# Two new orchestral pieces



## Alex Temple (May 5, 2009)

Hi everyone,

Here are two pieces I've recently finished. Both pieces kind of fall into the same category: slow, somber, harmonically turbulent pieces that eventually reach some type of buildup and then subside again. 

The Predicament: http://www.alexandertemple.com/_music/org_sm_thepredicament.mp3 (http://www.alexandertemple.com/_music/o ... cament.mp3)

Prologue: http://www.alexandertemple.com/_music/org_sm_prologue.mp3 (http://www.alexandertemple.com/_music/o ... ologue.mp3)


----------



## chrisr (May 5, 2009)

Alex - the first box link is down... (EDIT - NOT ANYMORE :D )
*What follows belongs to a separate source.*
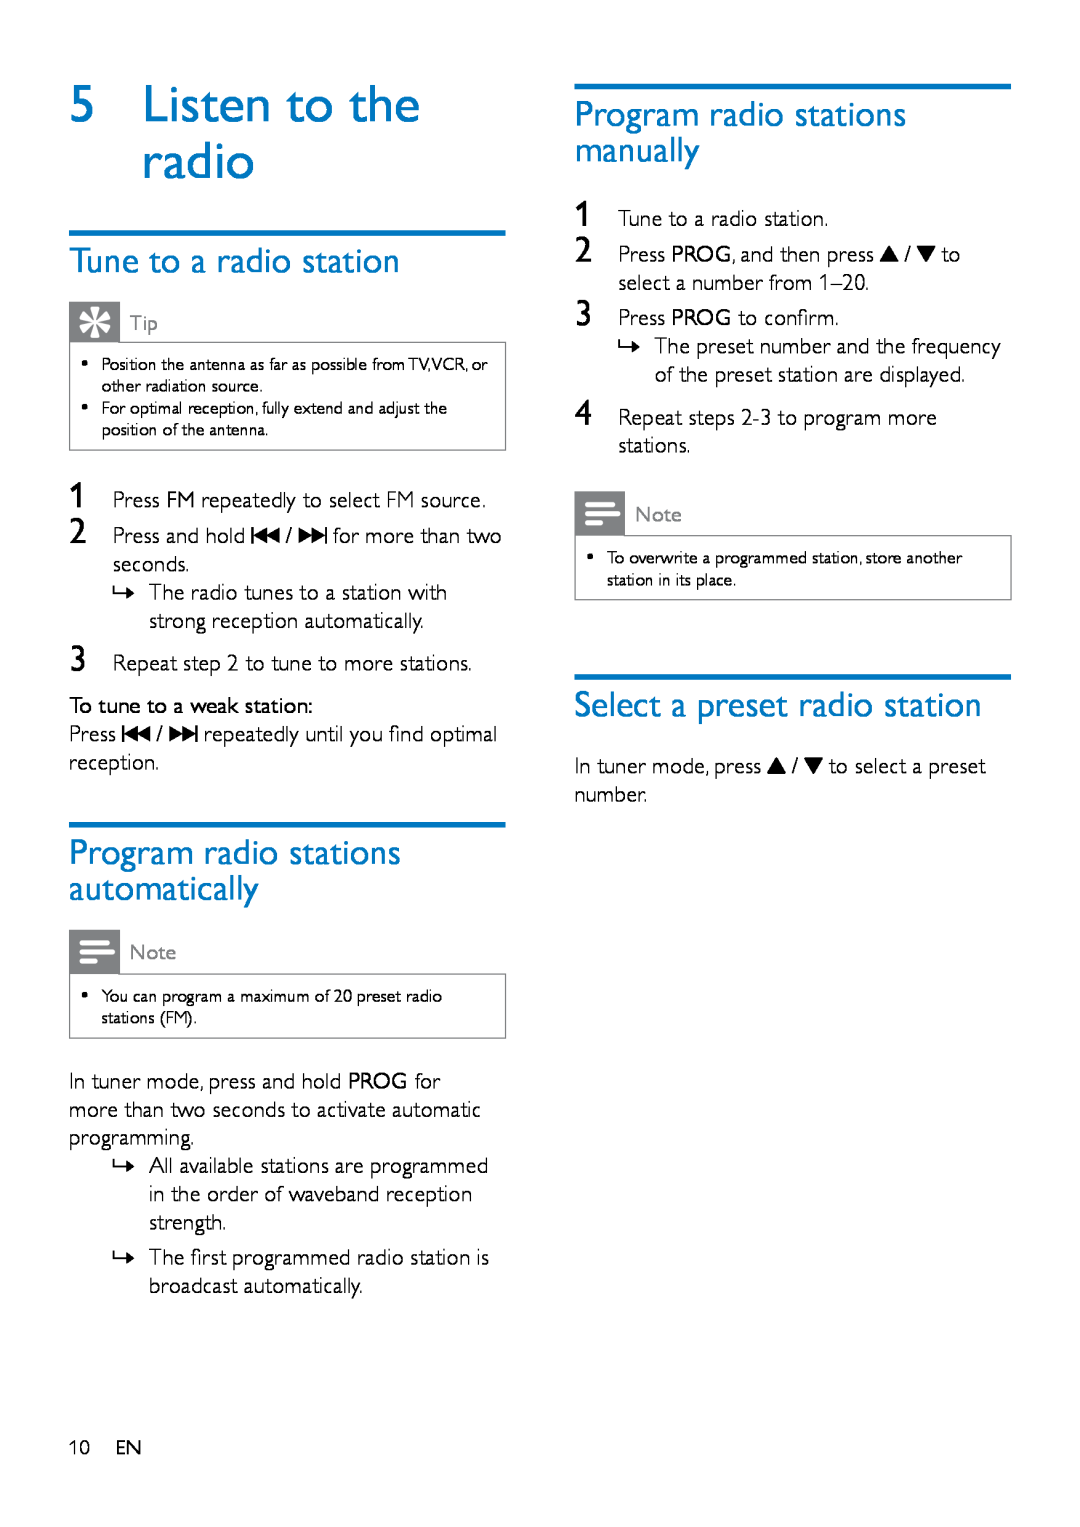 Philips MCM2150 user manual Listen to the radio, Tune to a radio station, Program radio stations automatically

am currently downloading 2nd piece in anticipation of having socks blown off - if it's anything like your previous submission here...


----------



## Alex Temple (May 5, 2009)

Right, sorry about the bad link before.

I should mention - stay tuned for more orchestral fireworks like the last piece I posted, but just not from these pieces, which are much more restrained. :wink:


----------



## Hannes_F (May 5, 2009)

I think it would not always need a firework to blow somebodys socks off.


----------



## JBacal (May 5, 2009)

Excellent work, Alex. 

Best,
Jay


----------



## chrisr (May 5, 2009)

sorry had no time to reply earlier - been in session all day and only had brief oppurtuntity to listen! Both very good again - bits of 1st one inparticular could do with some polishing up but I think you acknowledge that in your description of your 'entire orchestra' template. It's something that I'm going to attempt sometime myself - so interesting to hear what sort of results you're getting!
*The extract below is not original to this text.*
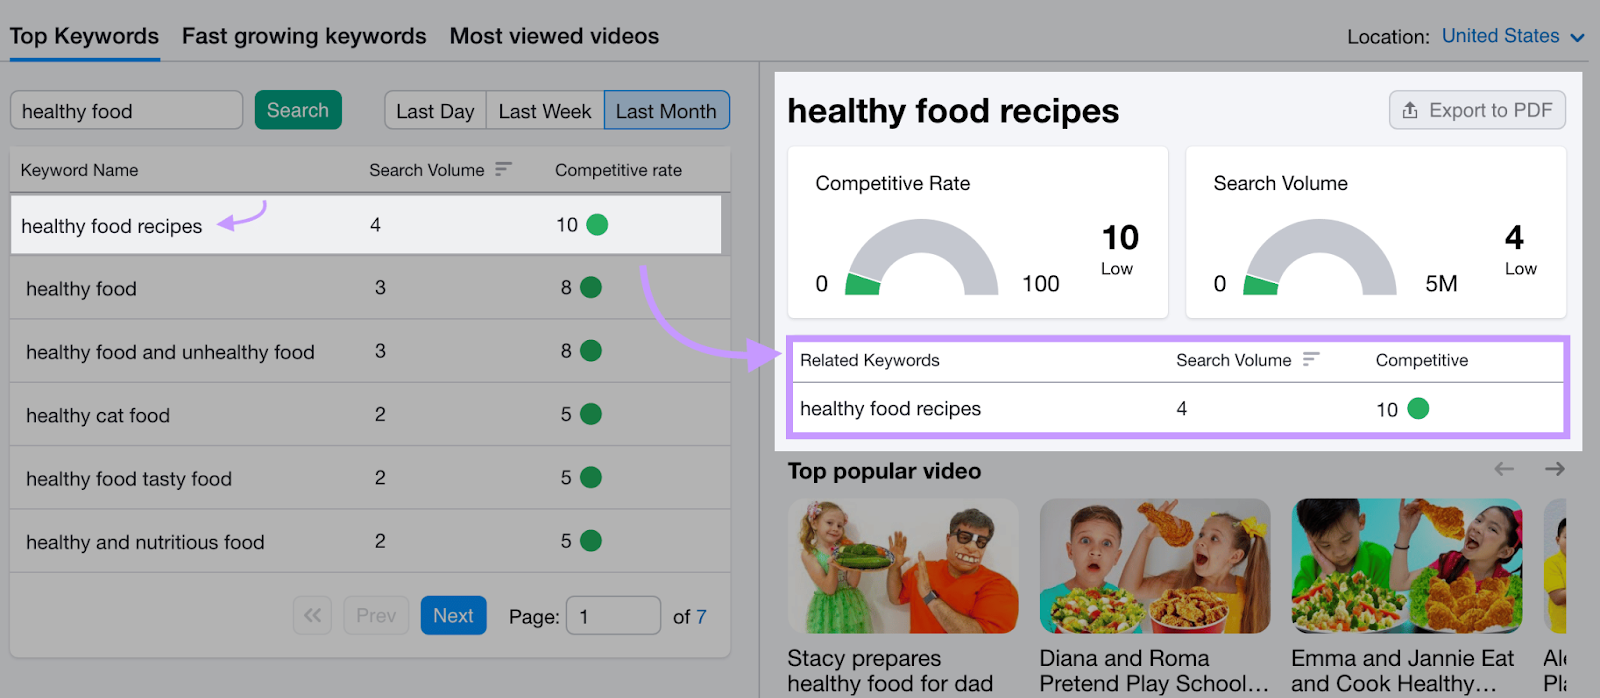 "healthy food recipes" result details in Keyword Analytics for YouTube

can't really comment on the composition after just a brief listen (and I'm far from the most qualified person around here for that anyway) - will sit/listen/enjoy properly in coming days when I have the time.

best,
chris


----------



## germancomponist (May 5, 2009)

Great work, Alex!

Best,

Gunther


----------



## Mahlon (May 5, 2009)

Excellent stuff!

Mahlon


----------



## dcoscina (May 6, 2009)

Alex, personally, I think you've got a helluva future in music. Your music demos are my favorite. Great sense of harmony. The first slow piece reminds me of Alex North in places with the emphasis on quintal and quartal harmonies. nice job.


----------



## re-peat (May 6, 2009)

This is exceptionnaly good.


----------



## NedK (May 11, 2009)

Very nice work!


----------



## clarkcontrol (May 15, 2009)

+1000

Clark


----------